PONTIANAK, SP - Komisi III DPRD Kota Pontianak, melontarkan kritik tajam terhadap Pemkot Pontianak terkait pengelolaan Pendapatan Asli Daerah (PAD) dan aset yang dinilai belum optimal.
Sejumlah pasar tradisional hingga retribusi parkir dinilai tak bertuan, kumuh, dan berpotensi mengalami kebocoran anggaran.
Wakil Ketua Komisi III DPRD Kota Pontianak, Berdi, S.Sos., mendesak Pemerintah Kota Pontianak segera melakukan evaluasi menyeluruh dan pembenahan radikal pada sistem pemungutan pajak serta tata kelola aset daerah.
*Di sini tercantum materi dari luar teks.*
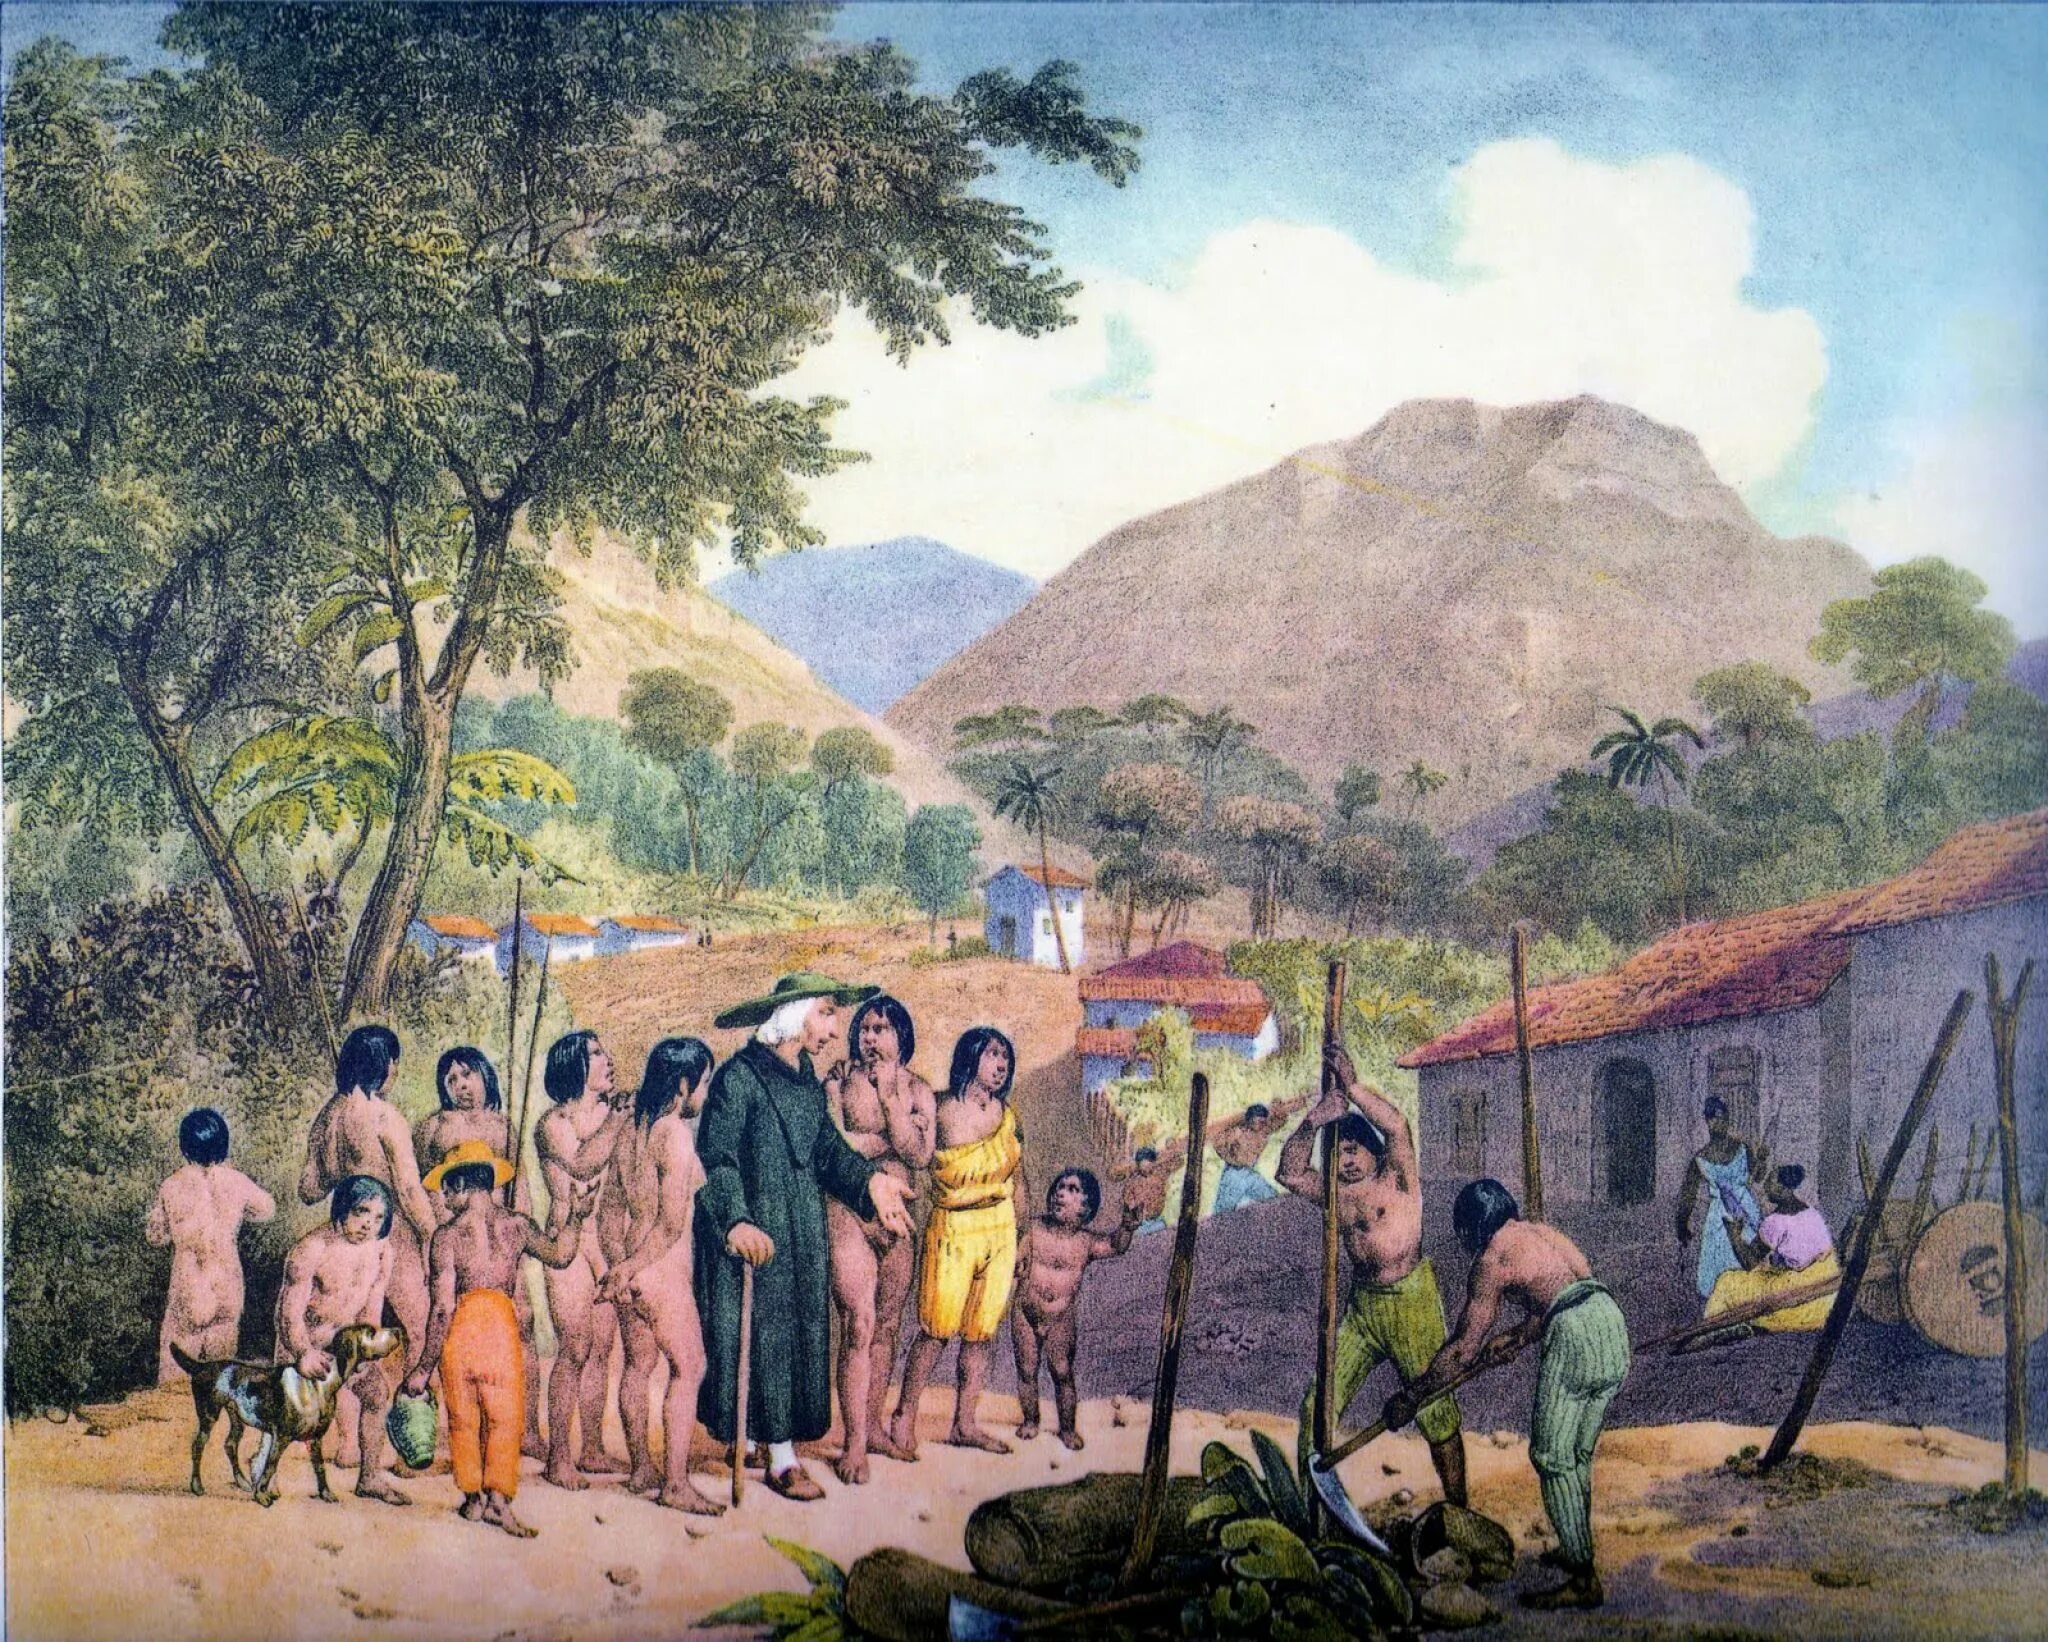 Ретро миссионеры. Сельское хозяйство Латинской Америки 19 век. Колония испанцев в Латинской Америке 18 век. Колонизация Латинской Америки 19 век. Колонизация индейцев в Латинской Америке.

Karut-Marut Pengelolaan Pasar dan Parkir
Dalam sorotannya, Komisi III menemukan sejumlah kejanggalan di lapangan yang dinilai merugikan kas daerah:
Pasar Nipah Kuning: Kejelasan pengelola pasar dipertanyakan, apakah dikendalikan secara resmi oleh Pemkot Pontianak atau justru dikuasai organisasi masyarakat (ormas). Pemkot didesak memperjelas regulasi pengelolaannya.
Pasar Anggrek di Tanjung Hulu: Pengelolaan Pasar Tanjung Hulu dinilai tidak transparan, tidak jelas skema pengelolaannya, dan terkesan tak bertuan.
Pasar Dahlia: Kondisi Pasar Dahlia disoroti karena makin kumuh dan kurang mendapat perhatian penataan dari pemerintah daerah.
Kawasan Parkir Flamboyan: Pengelolaan retribusi parkir di pusat ekonomi Pasar Flamboyan dinilai belum terorganisasi dengan baik sehingga rawan kebocoran.
Marak Wajib Pajak Tak Patuh dan Penerapan PBJT Masih Lemah
Selain persoalan pasar, Komisi III DPRD Kota Pontianak juga menemukan maraknya pelaku usaha yang tidak mematuhi kewajiban perpajakan.
Banyak di antaranya menyetorkan pajak tidak sesuai besaran riil, bahkan ada yang sama sekali tidak membayar pajak.
Pengawasan Pajak Barang dan Jasa Tertentu (PBJT) pada sektor usaha juga dinilai masih tidak jelas dan rawan kebocoran.
Berdi menegaskan, pengelolaan aset dan retribusi daerah harus mengacu pada UU Nomor 1 Tahun 2022 tentang HKPD dan PP Nomor 28 Tahun 2020 tentang Pengelolaan Barang Milik Daerah, yang mewajibkan aset pemerintah dikelola secara transparan, akuntabel, dan memberikan nilai tambah ekonomi.
"Kami minta Pemkot segera turun tangan menertibkan ini. Aset dan potensi pasar tidak boleh dibiarkan tanpa kejelasan pengelola, karena yang dirugikan adalah keuangan daerah dan masyarakat," tegas Berdi, Sabtu (1/8/2026).
Komisi III memastikan akan terus mengawal dan melakukan pengawasan ketat terhadap langkah pembenahan Pemkot Pontianak demi mengamankan kapasitas fiskal dan percepatan pembangunan daerah. (wes)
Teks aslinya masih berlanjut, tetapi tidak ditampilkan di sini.